Le Village des athlètes : quand les Jeux soignent leur héritage
Dans moins de deux ans, Paris va vivre au rythme des Jeux. Les regards du monde entier seront braqués sur les terrains de sport, certes, mais aussi sur le Village des athlètes en Seine-Saint-Denis. Le Secteur E, Les Belvédères, imaginé par une maîtrise d’œuvre convoquée par le groupement de maîtrise d’ouvrage Nexity – Eiffage Immobilier – CDC Habitat – Groupama – EDF, a su faire équipe et dessine ce nouveau quartier. Zoom sur un archétype de mixité des usages, de réversibilité et sur la mise en œuvre de solutions environnementales, avec pour guides les architectes Alexandre Jonvel de CoBe et Dimitri Roussel de l’agence DREAM.
Avril 2016, dans le cadre de la candidature de la ville de Paris à l’organisation des Jeux de Paris, une étude urbaine est menée sur le territoire de Saint-Ouen-sur-Seine en vue d’accueillir le Village des athlètes. Elle est confiée à Dominique Perrault Architecture, architecte mandataire chargé de la maîtrise d’oeuvre urbaine, qui décrit le lieu en ces termes : « C’est un site que personne ne connaissait, qui avait disparu de la carte. Notre travail a été de le révéler, de le mettre en lumière et de le porter. » Plus largement, poursuit-il, « il s’agit, bien sûr, de concevoir un quartier capable d’offrir, de façon temporaire, un accueil d’exception aux sportifs ainsi qu’à leurs délégations, mais c’est, avant toute chose, une réflexion urbaine à long terme dont l’objectif est la constitution d’un morceau du Grand Paris, de cette ville-région qui connaît une transformation sans précédent. » L’avenir des villes limitrophes au nord de Paris qui constituent Plaine Commune continue de se dessiner. Pas à pas.

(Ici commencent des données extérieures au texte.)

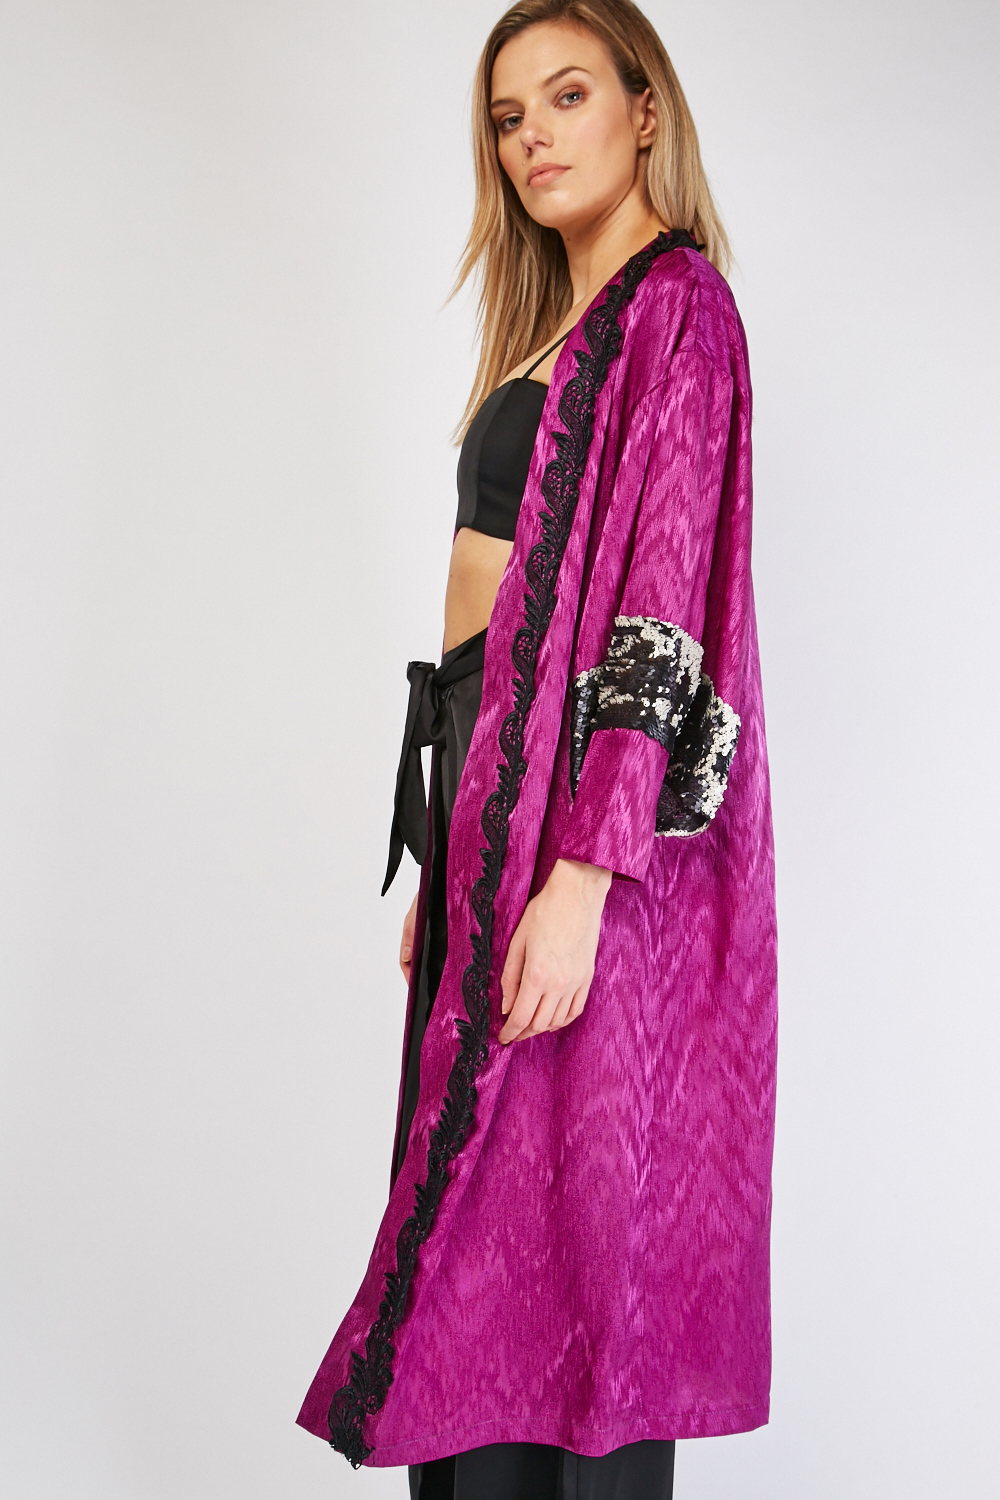 Sequin Sleeve Panel Long Line Kimono - Just $6

L’idée directrice générale de ce plan cadre, l’implantation et les volumétries étaient donc définies pour cet aménagement qui totalisera 58 ouvrages construits. Son application prend un sens tout à fait particulier avec le Secteur E, le plus domestique, qui consiste en la construction neuve du Village des athlètes. Sur des terrains jusque-là occupés par de grands bâtiments industriels, cette opération mixte représente environ 58 000 mètres carrés SDP destinés à accueillir, dans un premier temps, environ 2 500 athlètes et para-athlètes à l’été 2024, pour laisser ensuite place aux futurs Audoniens (c’est ainsi que l’on nomme les habitants de Saint-Ouen) et usagers de bureaux.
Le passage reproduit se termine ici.